The invention discloses a semi-
supervised learning method special for performing
cell nucleus segmentation on a histopathological image dyed by hematoxylin
eosin. According to the
cell nucleus segmentation method provided by the invention, according to the characteristics of the histopathological image and
cell nucleus segmentation, the two dyes of hematoxylin and
eosin in the histopathological image are separated by adopting non-negative matrix factorization with
sparse constraint, and then the
eosin dye in the histopathological image is replaced by the eosin dye in other histopathological images, so that the segmentation efficiency of the
cell nucleus is improved.
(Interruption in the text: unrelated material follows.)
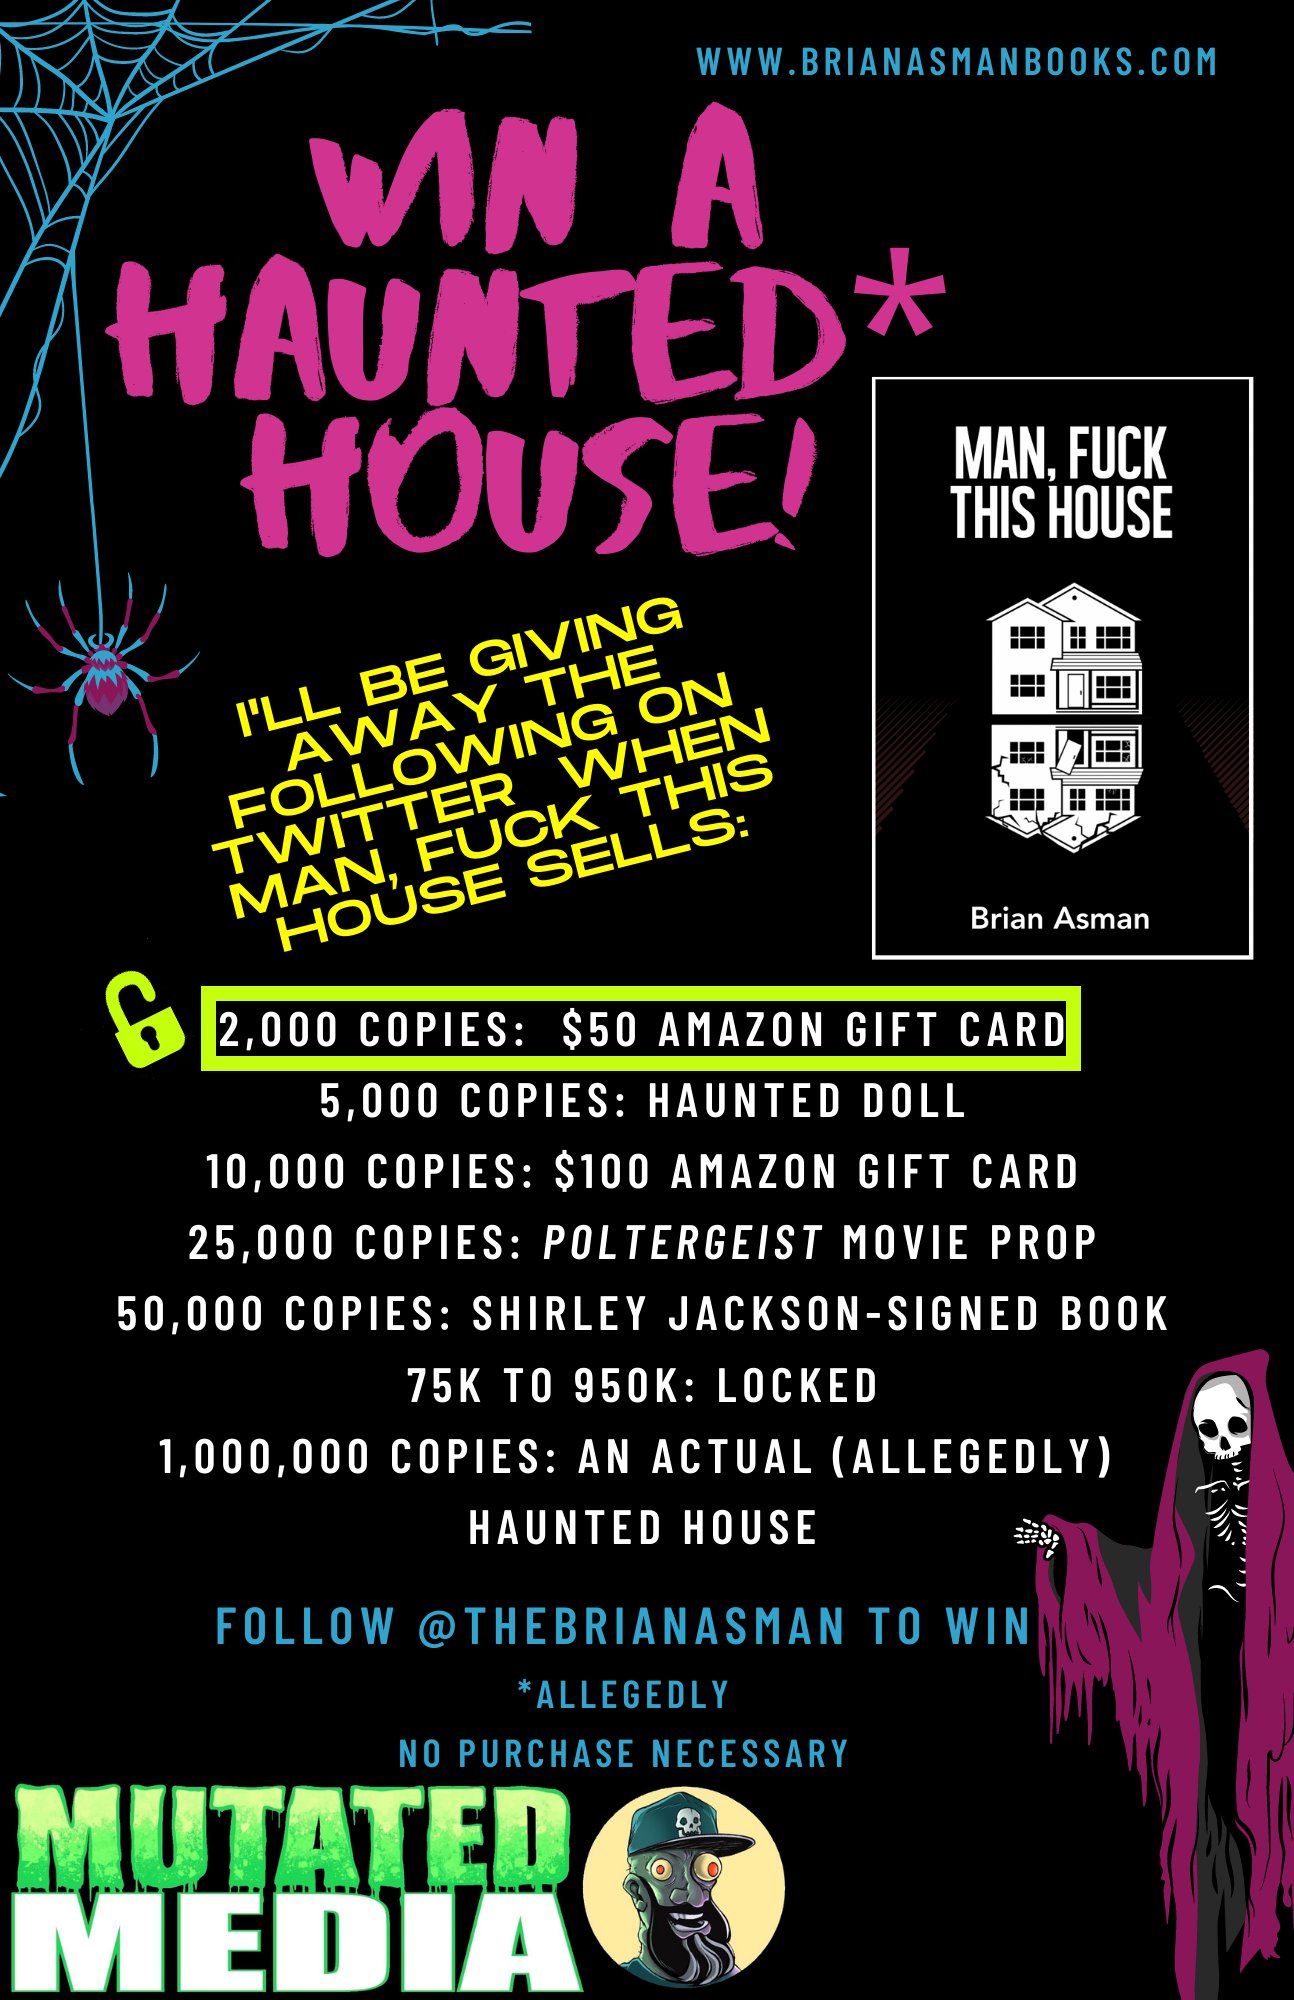 Brian Asman on X: *CONTEST UPDATE* First step goal in my Win a Haunted  House contest is unlocked! Giving away a ton of cool prizes to promote my  book MAN, FUCK THIS

Therefore, a group of positive example samples can be prepared, and the positive example samples have the same hematoxylin
staining agent, so that the positive example samples have interpretable invariance. And inputting the multiple groups of positive example samples into an
encoder, and outputting a corresponding embedded representation vector by the
encoder. And constraining the model by adopting a contrast learning
loss function, so that the model can learn invariance in a positive example sample, namely the hematoxylin
staining agent. The
hematoxylin stain can
stain the
cell nucleus and other
nucleic acid-rich parts, such as
ribosome, so that the
hematoxylin stain and the
cell nucleus have relatively high correlation. When the model learns the characteristics of the
hematoxylin stain, the characteristics accord with the characteristics of a cell nucleus segmentation task, so that the training of the downstream cell nucleus segmentation task is facilitated. As positive example sample construction and pre-training do not need labels, a large amount of unlabeled data can be utilized for training in the mode. And finally, the pre-trained
encoder is added into the segmentation model, and fine adjustment is performed on a very small amount of
labeled data, so that an effect better than
supervised learning on a small amount of samples can be achieved. Therefore, the demand of
annotation data is also reduced, and the labor cost is greatly reduced.